When it comes to upgrading an invitation to a work of art, we’ve already shared our love for personalized painterly touches here. But don’t forget that packaging matters, too. After all, first impressions count and, for invitations and letters, the envelope makes the first impression.
Which is why we’re excited to introduce Magnolia Postage’s Vashti Davies, who specializes in beautifully curated postage. Check out her work, which features vintage stamps, in the slideshow above and learn how she stumbled on this niche career in our interview with Davies below.
The inspiration behind Magnolia Postage…
When I was in the process of planning my wedding I had run across a few images of vintage postage used on wedding invitations and thought it was a gorgeous way to convey the theme and feel of our event. My thinking was: If we’re going to pay a lot for calligraphy to dress up the envelope, why stop short when you have the option to include an extra personal touch? We did custom envelopes for each of our guests based on our relationship with them, their background, interests, location, etc., and when all was said and done I had a huge stamp surplus (which has since continued to grow at an alarming rate). I had so much fun doing ours, and got so much positive feedback from guests about how touched they were by the gesture (one of our guests framed their envelope), that I decided it would be a fun business to start up.
My stamp fascination comes from…
I’m guessing the original discovery was a Pinterest find #pinterestproblems… but I would say that I am not your standard “stamp collector,” though I have certainly come to appreciate the incredible amount of detail that artists have managed to fit into a square of paper. Philatelic history is actually incredibly fascinating once you dive in. All of the stamps we use are U.S. vintage stamps that have been released by the U.S. Postal Service over time, and then lovingly collected, cared for and re-sold by stamp collectors (who are, by the way, incredibly nice and interesting people).
Generally speaking, I just think it’s neat to include a limited piece of history for special invitations and greetings — we regularly use stamps from the Thirties, Forties and Fifties, and we are looking forward to putting together vintage Christmas and holiday card sets like we did last year. Paper is back in a big way.
When I say “curated postage,” I mean…
We regularly work with clients to help them put together a set of vintage stamps that complements either a general theme, location, color scheme or set of interests (botanicals, blues, greens, pinks, cities, etc.).

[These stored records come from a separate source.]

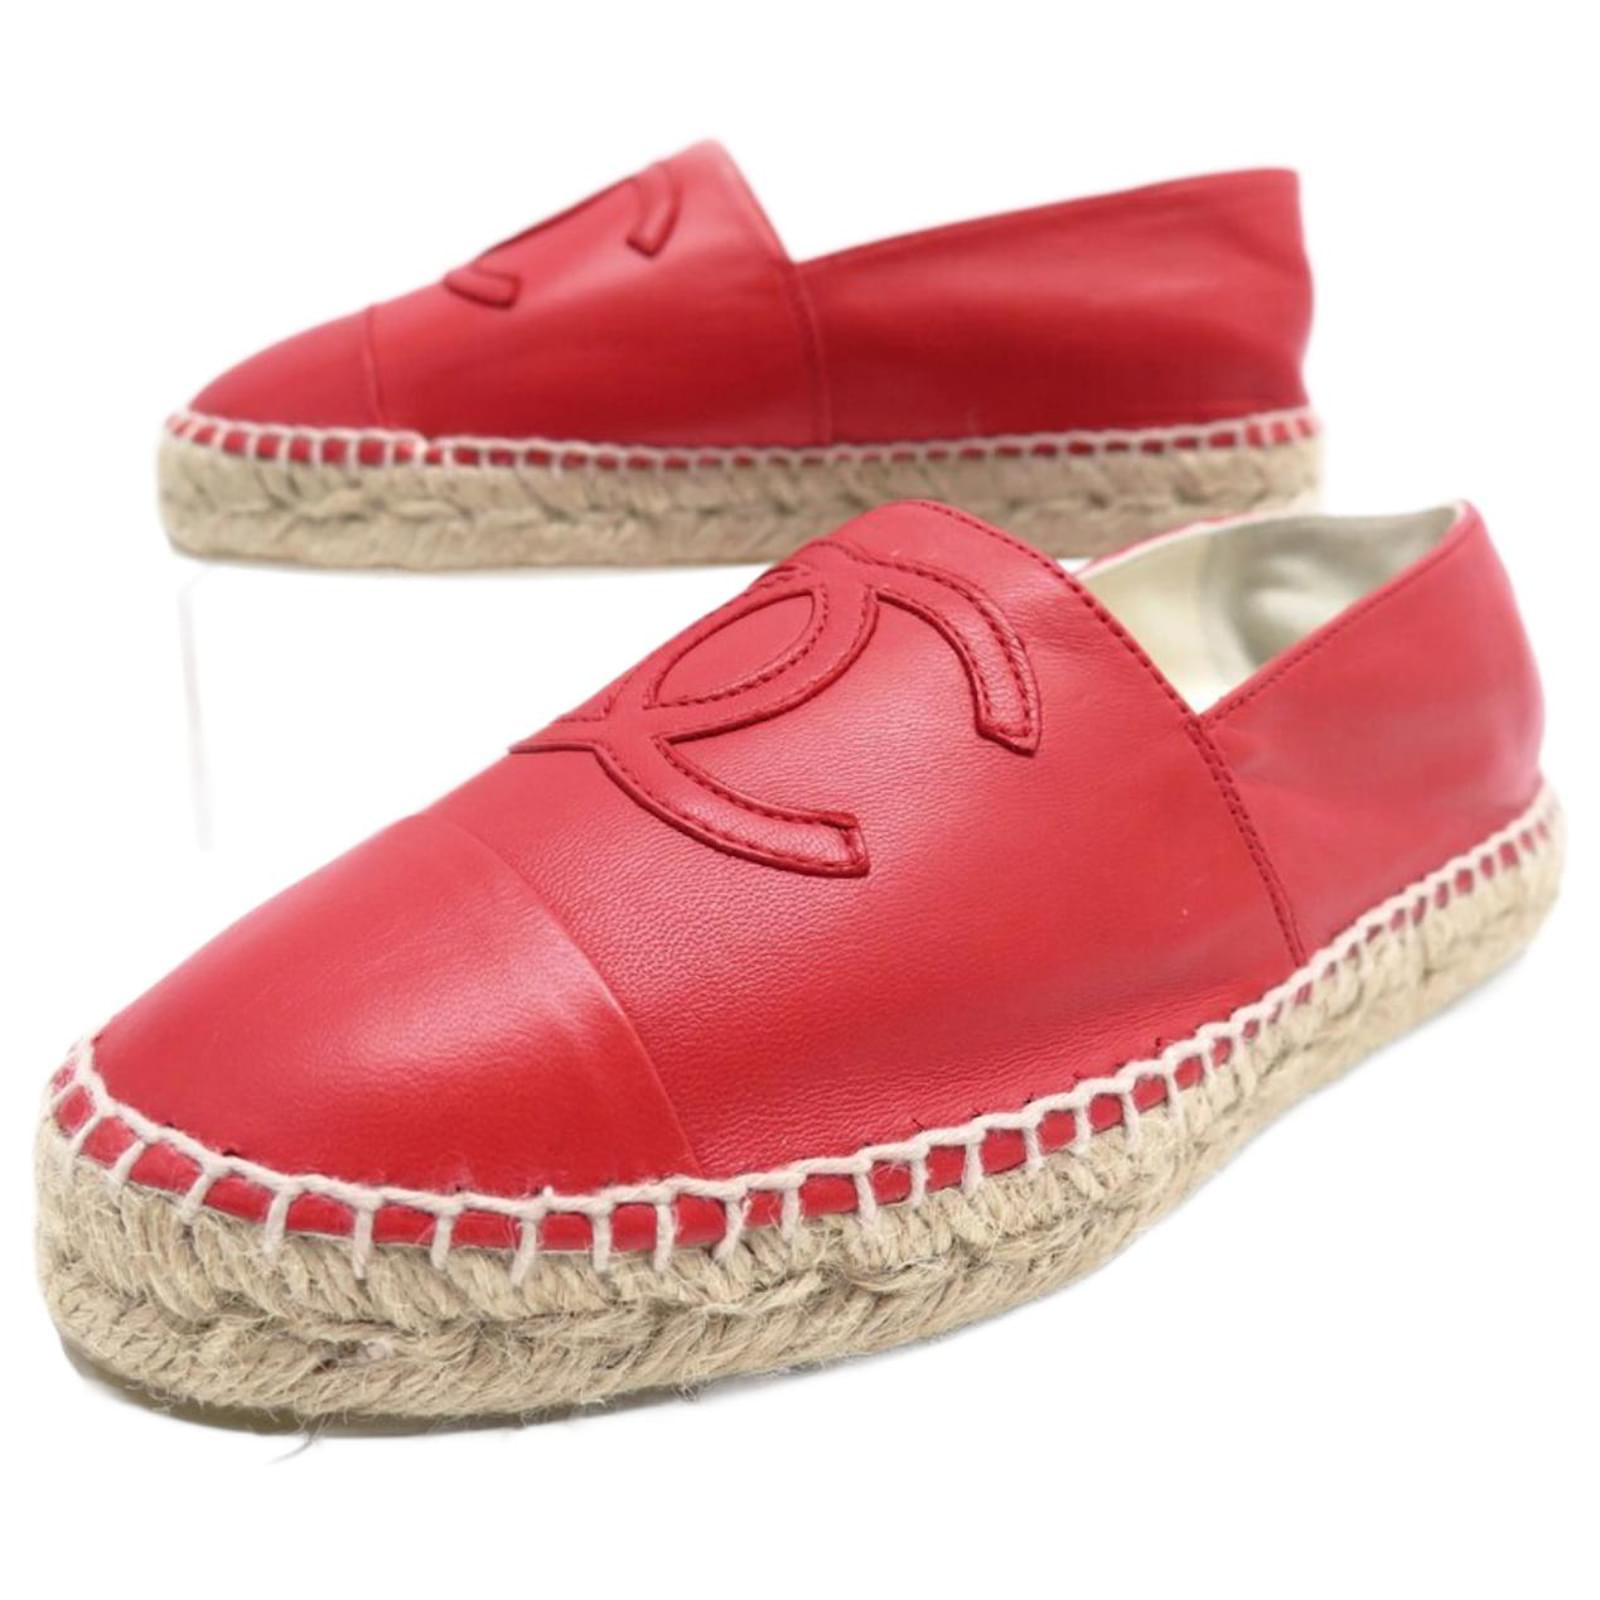 NEW CHANEL LOGO CC G SHOES29762 Espadrilles 35 LEATHER LEATHER
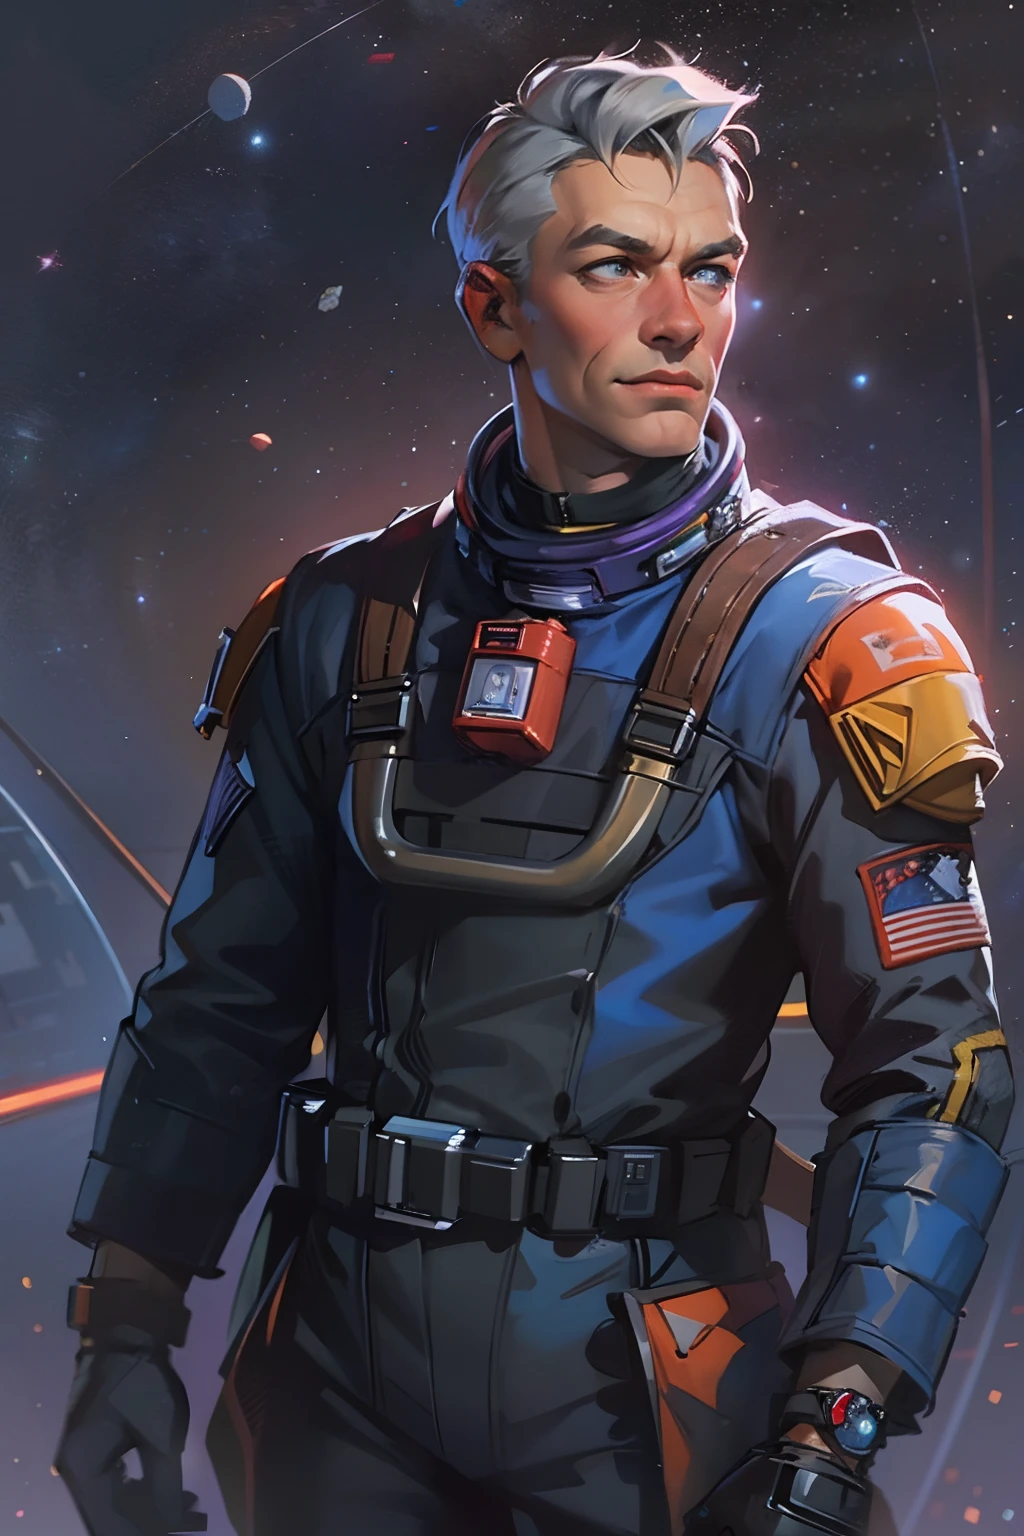 A man with short-cropped gray hair and piercing blue eyes. He is 45 years old. Wears a black space station officer uniform, a space pistol on his waist and a purple bracelet, full body, space western, star wars, star trek, Guardians of the Galaxy, Treasure Planet, space peter pan, young man, tanned skin, ginger, smug, soft smile, adventurous, space pilot, fashion space suit, retrofuturism, atompunk, space opera, character design
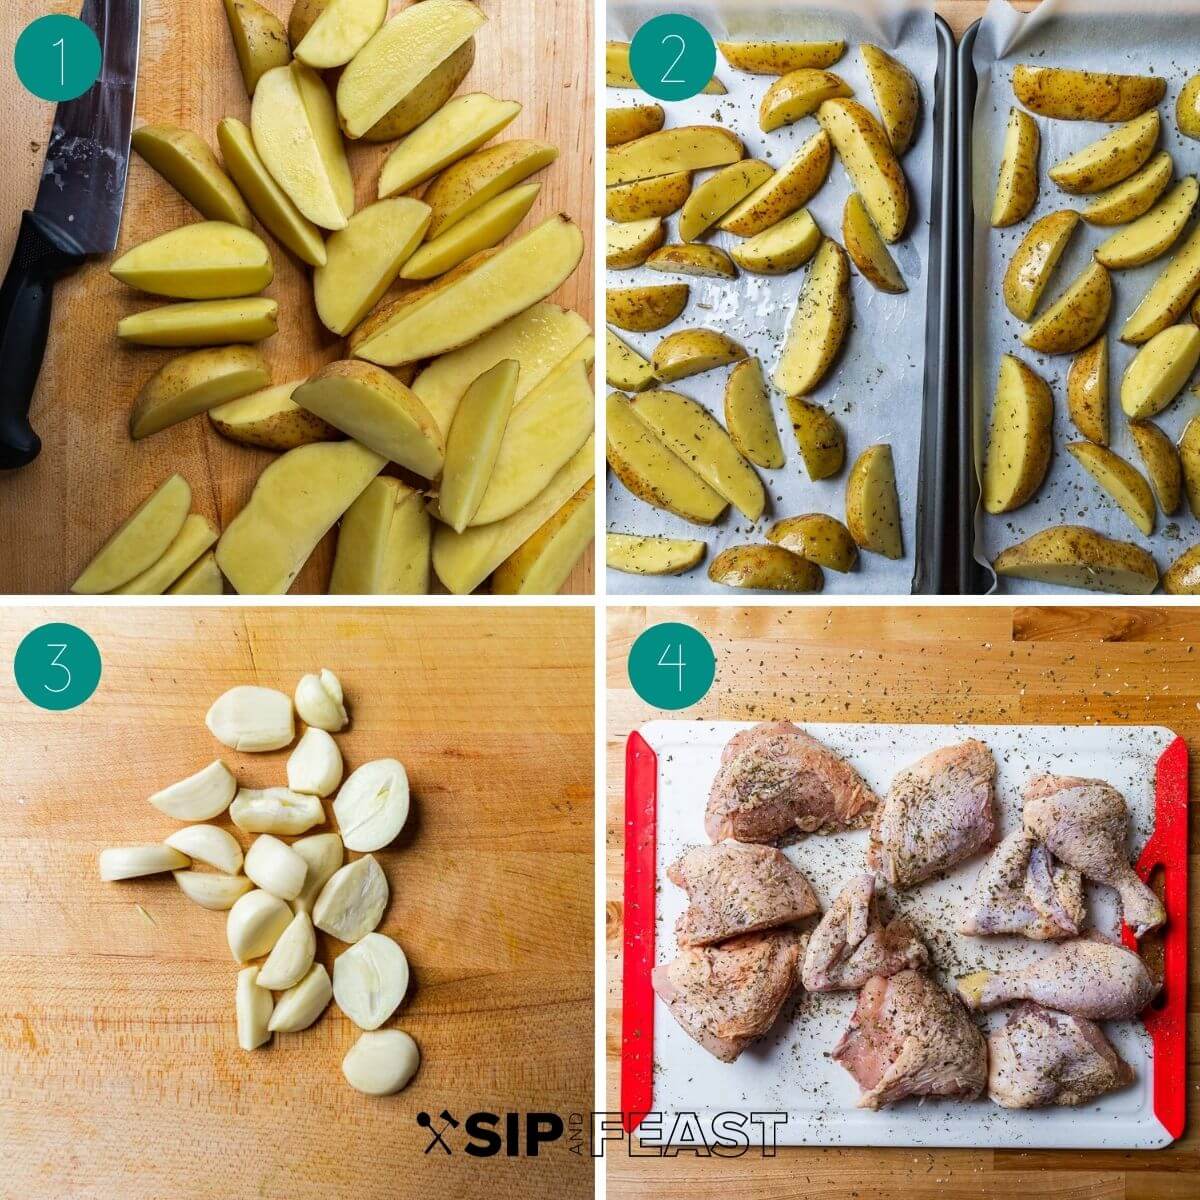 Chicken vesuvio recipe process shot collage group number one with potato wedges on baking sheet, sliced onion, and seasoned raw chicken pieces.

We are obviously limited by what the U.S. Postal Service has released over the years, something we regularly have to remind clients — “No, there aren’t university stamps (for the most part) or stamps featuring many international cities” — and also by the fact that you need a certain amount of postage on an envelope for it to be mailed, so it’s a constant puzzle working to get the right amount of postage on an envelope that looks good combined, and also gets the envelope through the mail.
The most memorable request received…
I’d say that most of our jobs are pretty tame — we’ve done a TON of wedding suites, standard correspondence sets, lots of Christmas and holiday cards, as well as some gorgeous baby announcements.
We’re currently working with a bride to do a set of Mexico-themed postage for an elopement later this year and we are prominently featuring a stamp that is widely considered by some to be the USPS’ biggest failure as some people find it borderline offensive: “Alcoholism – You can beat it.” Obviously you need to know your audience, but in fairness, USPS released the stamp.
And my favorite stamp ever…
I would be lying if I said that was an easy question to answer — there are some really gorgeous stamps out there (it might sound cheesy, but whatever, there are). I have two favorites from the same set of four eight-cent stamps that were released in 1971 to raise awareness around Wildlife Conservation. My two favorites feature an alligator, and the other a rainbow trout. The colors are incredibly rich in person, and the design is ridiculously detailed when you consider that the stamp is less than two inches wide.